### INSTRUCTIONS TO FOLLOW
For this task, output exactly the lines of the material below starting at the line with "1967 SNCC Calendar, July 1-16" and ending at the line with "Joyeuses Fêtes Cloches"; pictures are to be excluded.

### DATA FOR PROCESSING
---*---
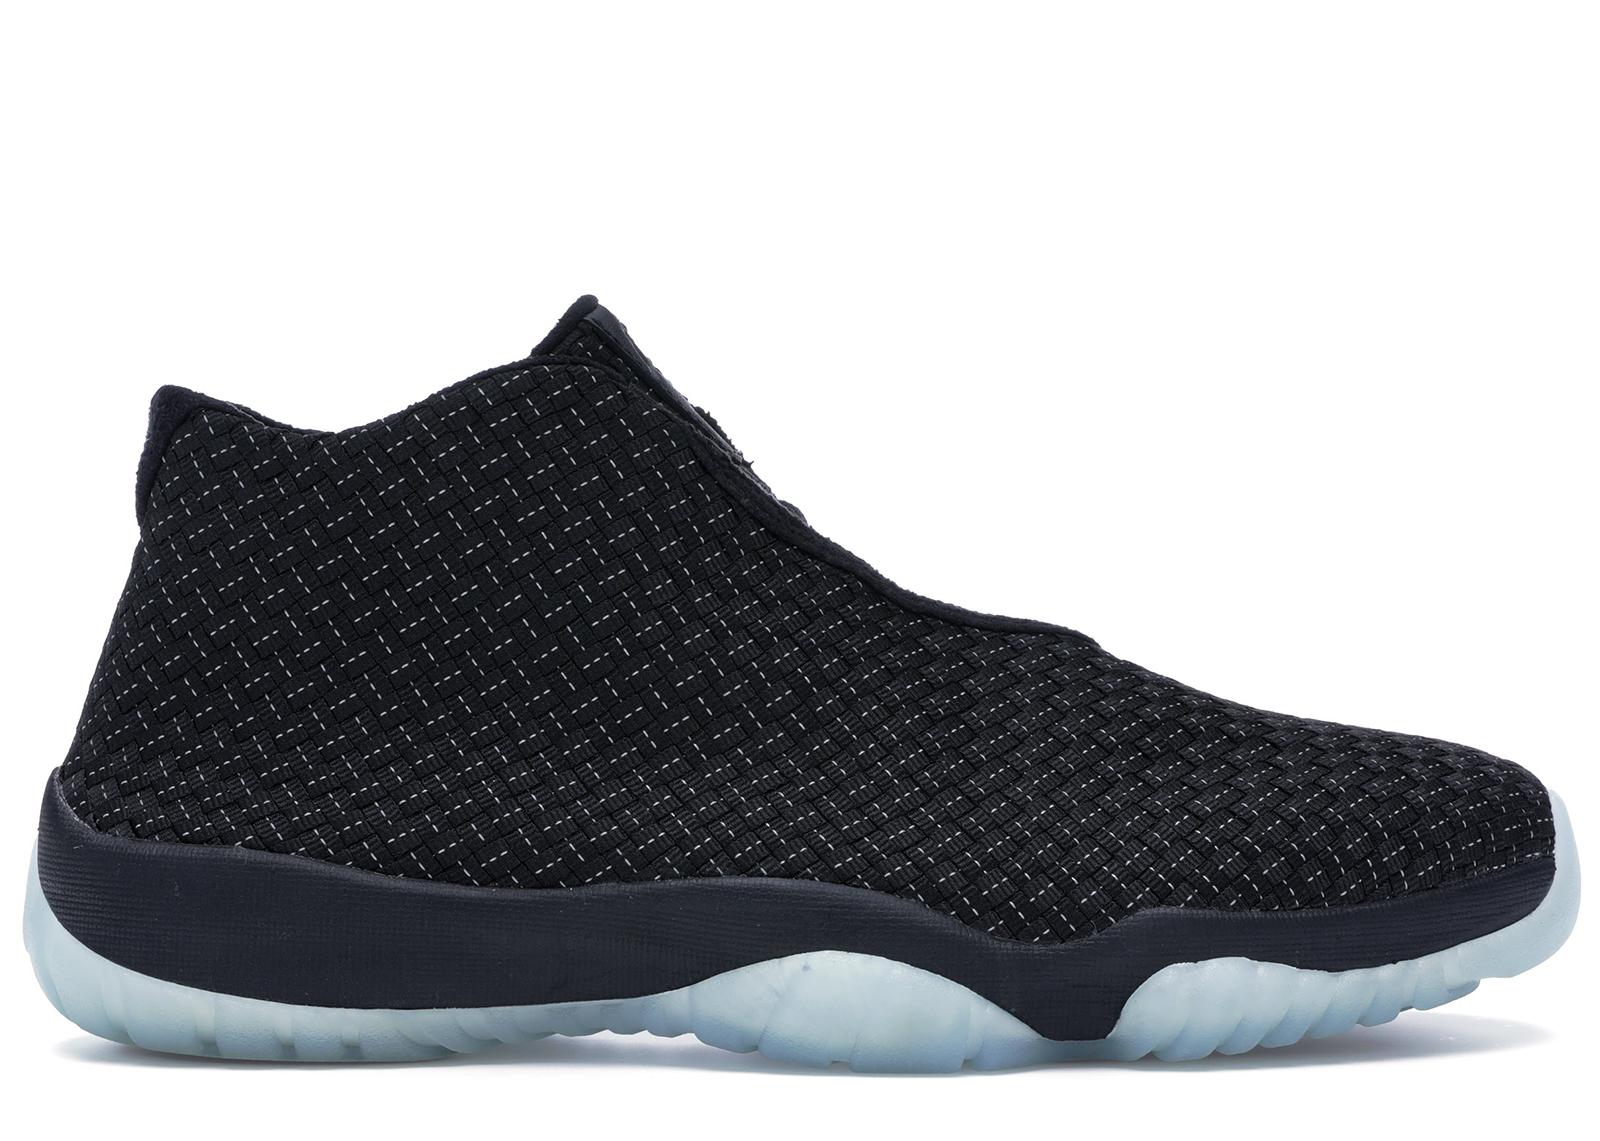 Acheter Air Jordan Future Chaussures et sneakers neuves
---*---
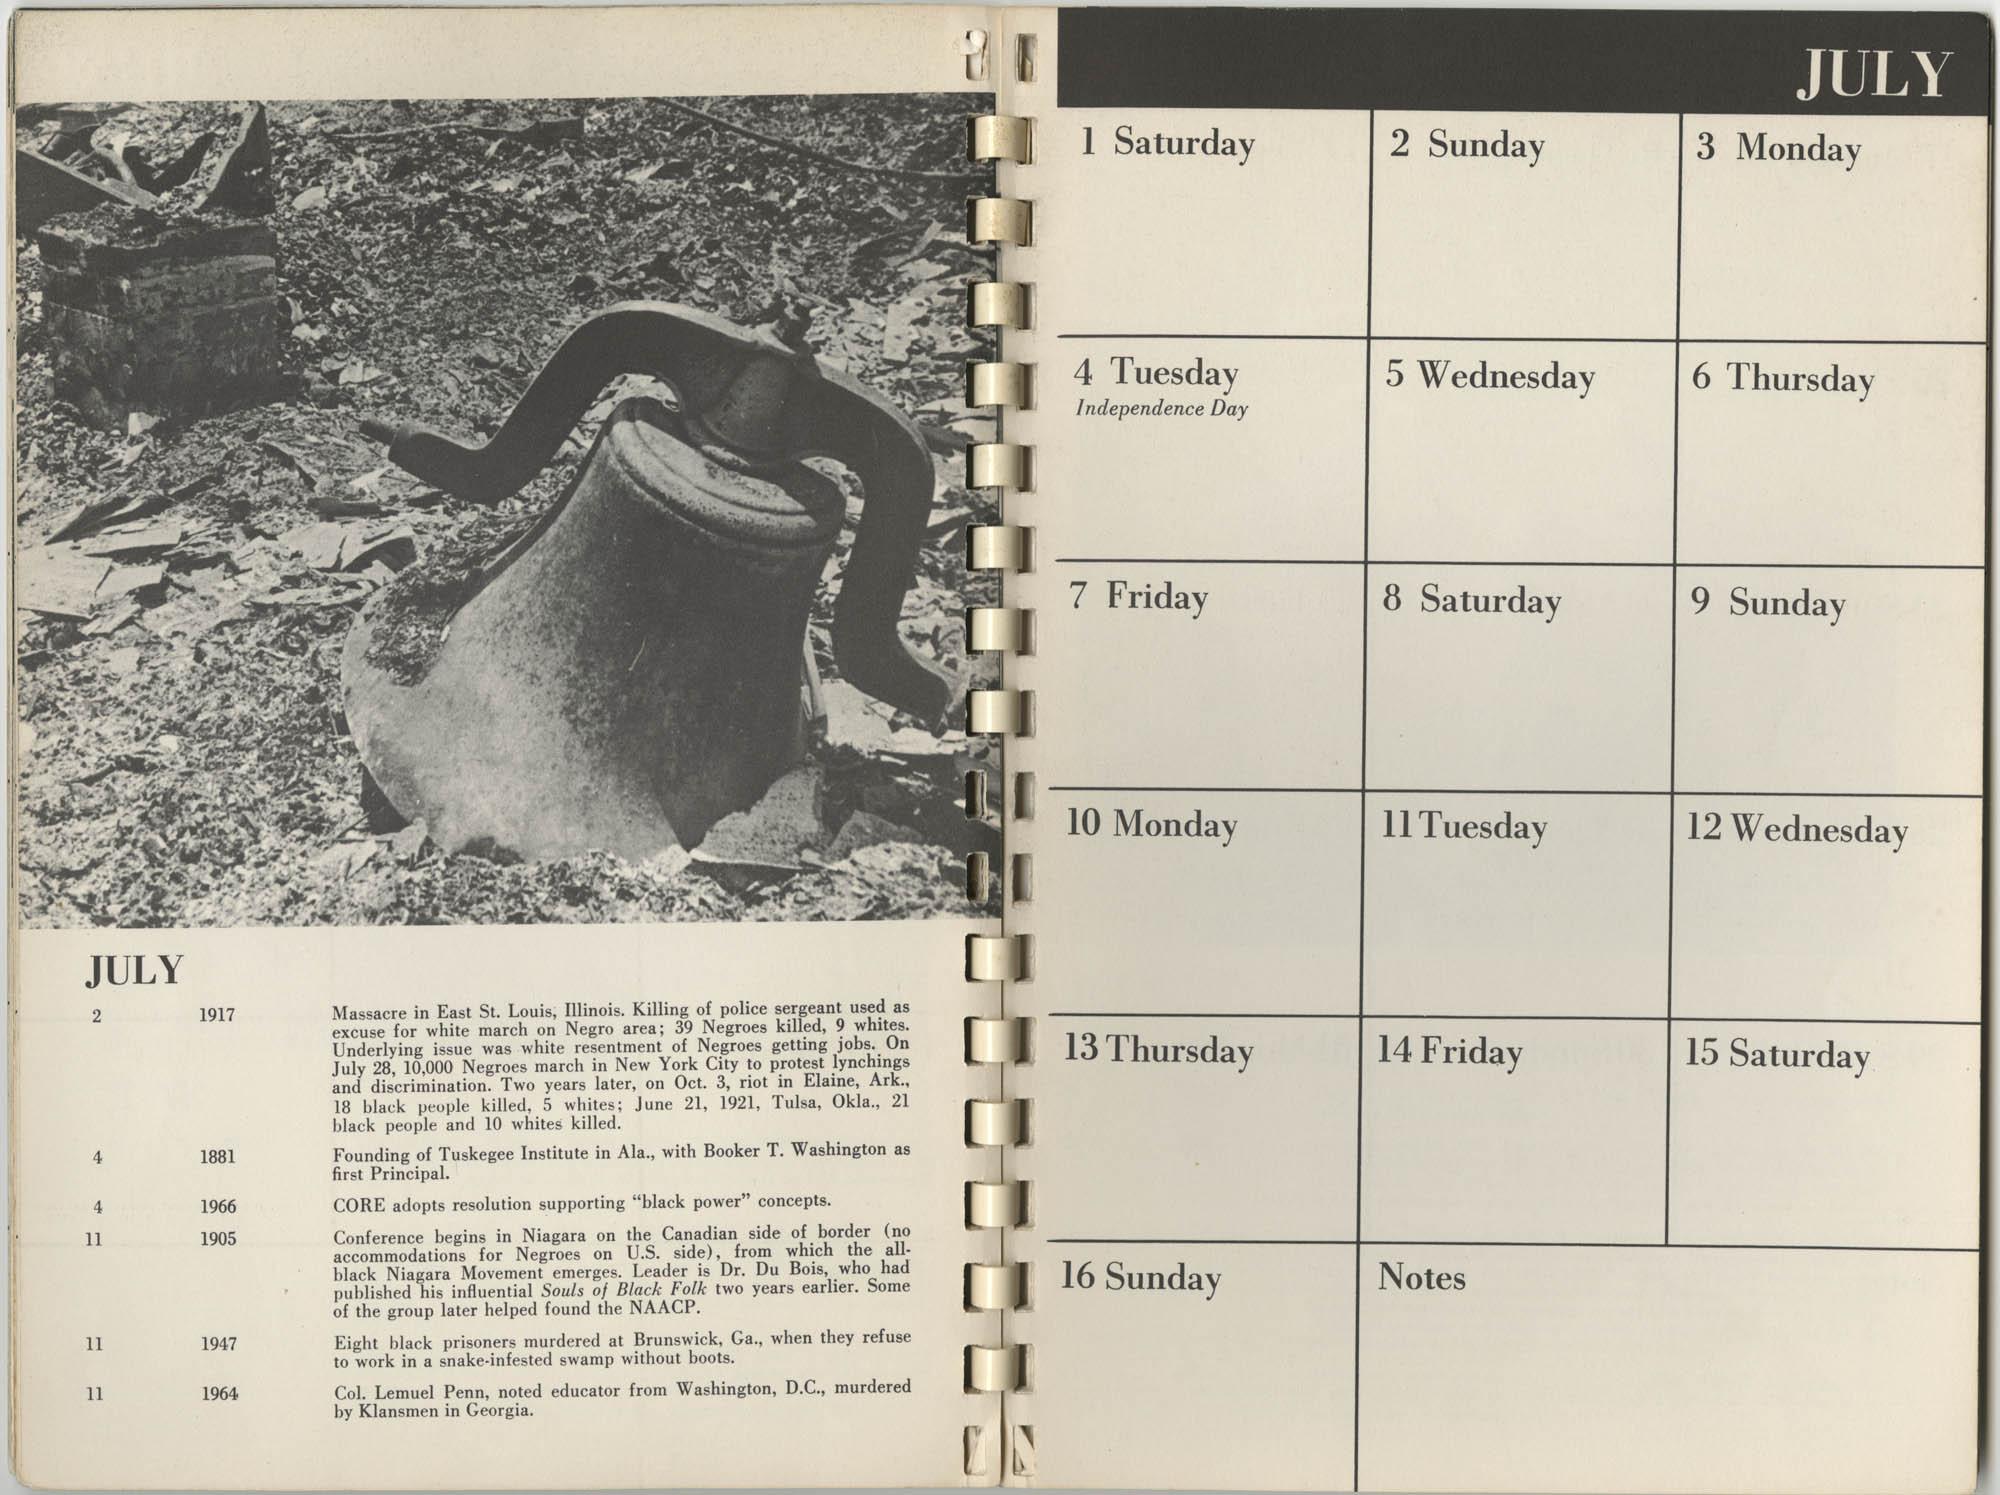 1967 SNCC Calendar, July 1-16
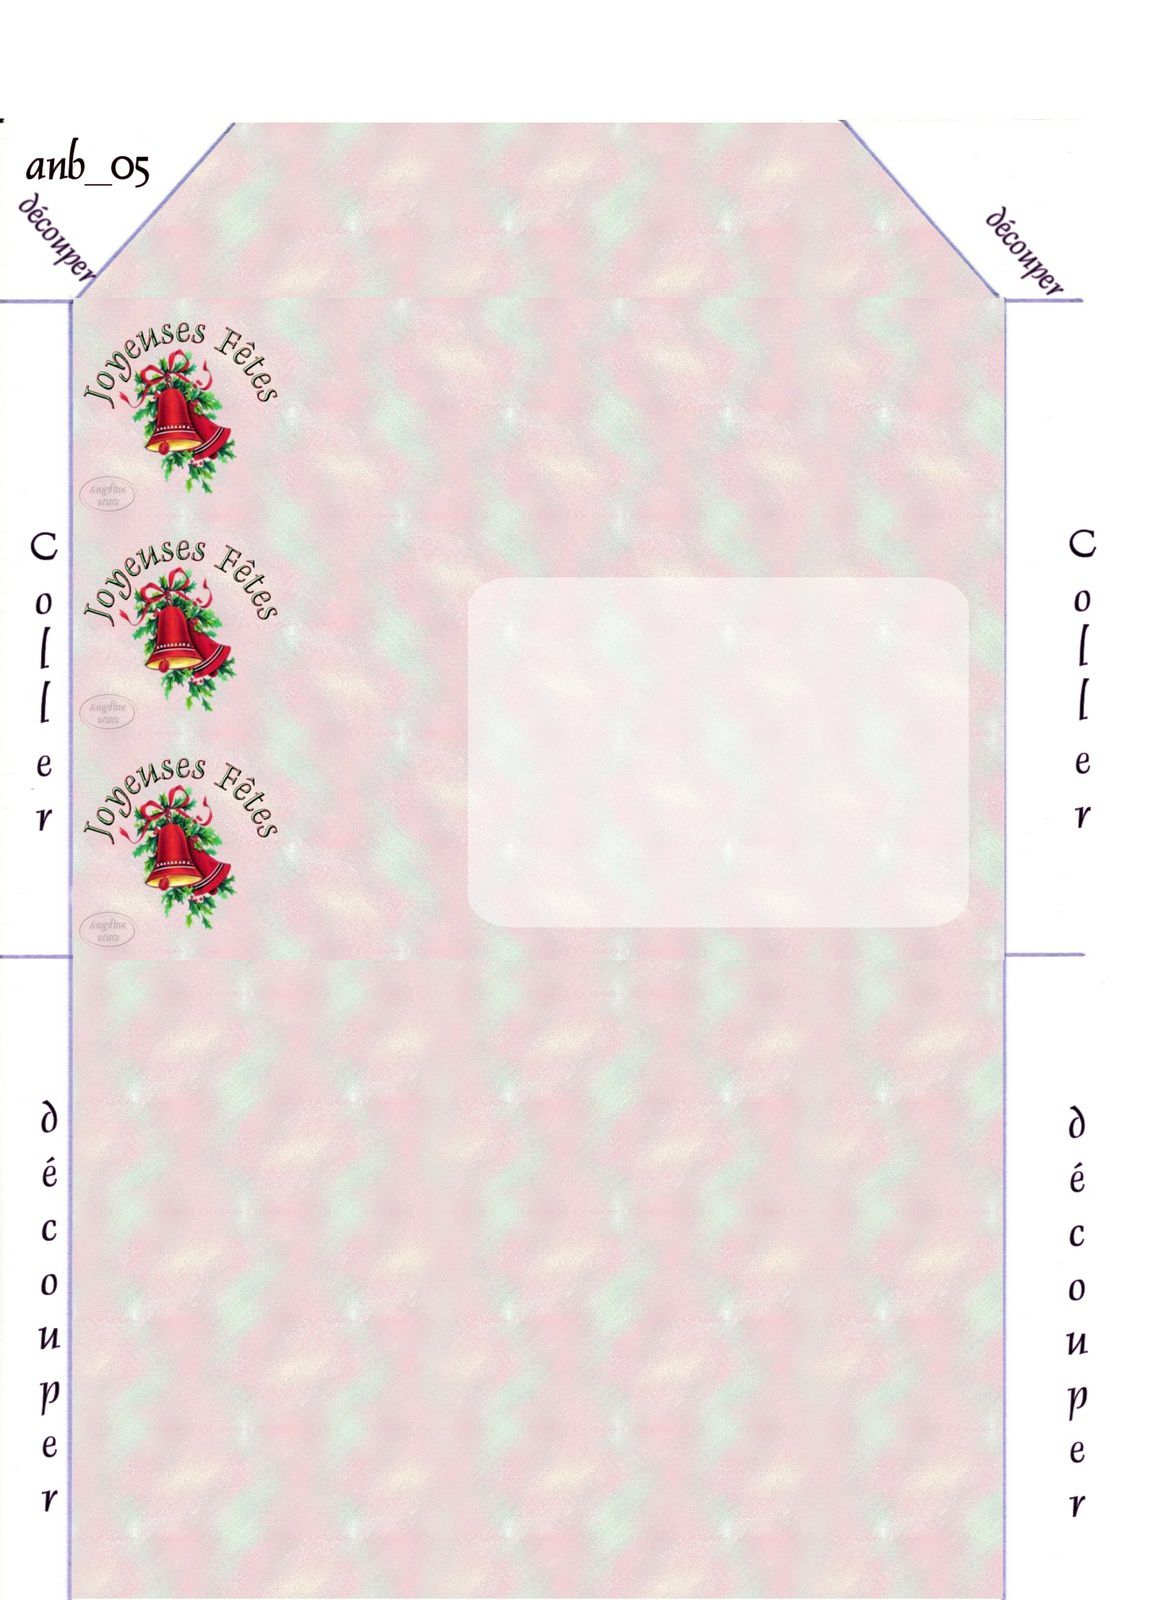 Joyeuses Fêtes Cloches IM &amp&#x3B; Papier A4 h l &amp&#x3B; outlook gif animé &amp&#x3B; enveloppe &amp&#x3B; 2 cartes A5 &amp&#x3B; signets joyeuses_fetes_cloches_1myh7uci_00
---*---
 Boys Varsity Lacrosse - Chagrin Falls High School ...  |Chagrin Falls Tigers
---*---
### EXERCISE ANSWER
 1967 SNCC Calendar, July 1-16
 Joyeuses Fêtes Cloches IM &amp&#x3B; Papier A4 h l &amp&#x3B; outlook gif animé &amp&#x3B; enveloppe &amp&#x3B; 2 cartes A5 &amp&#x3B; signets joyeuses_fetes_cloches_1myh7uci_00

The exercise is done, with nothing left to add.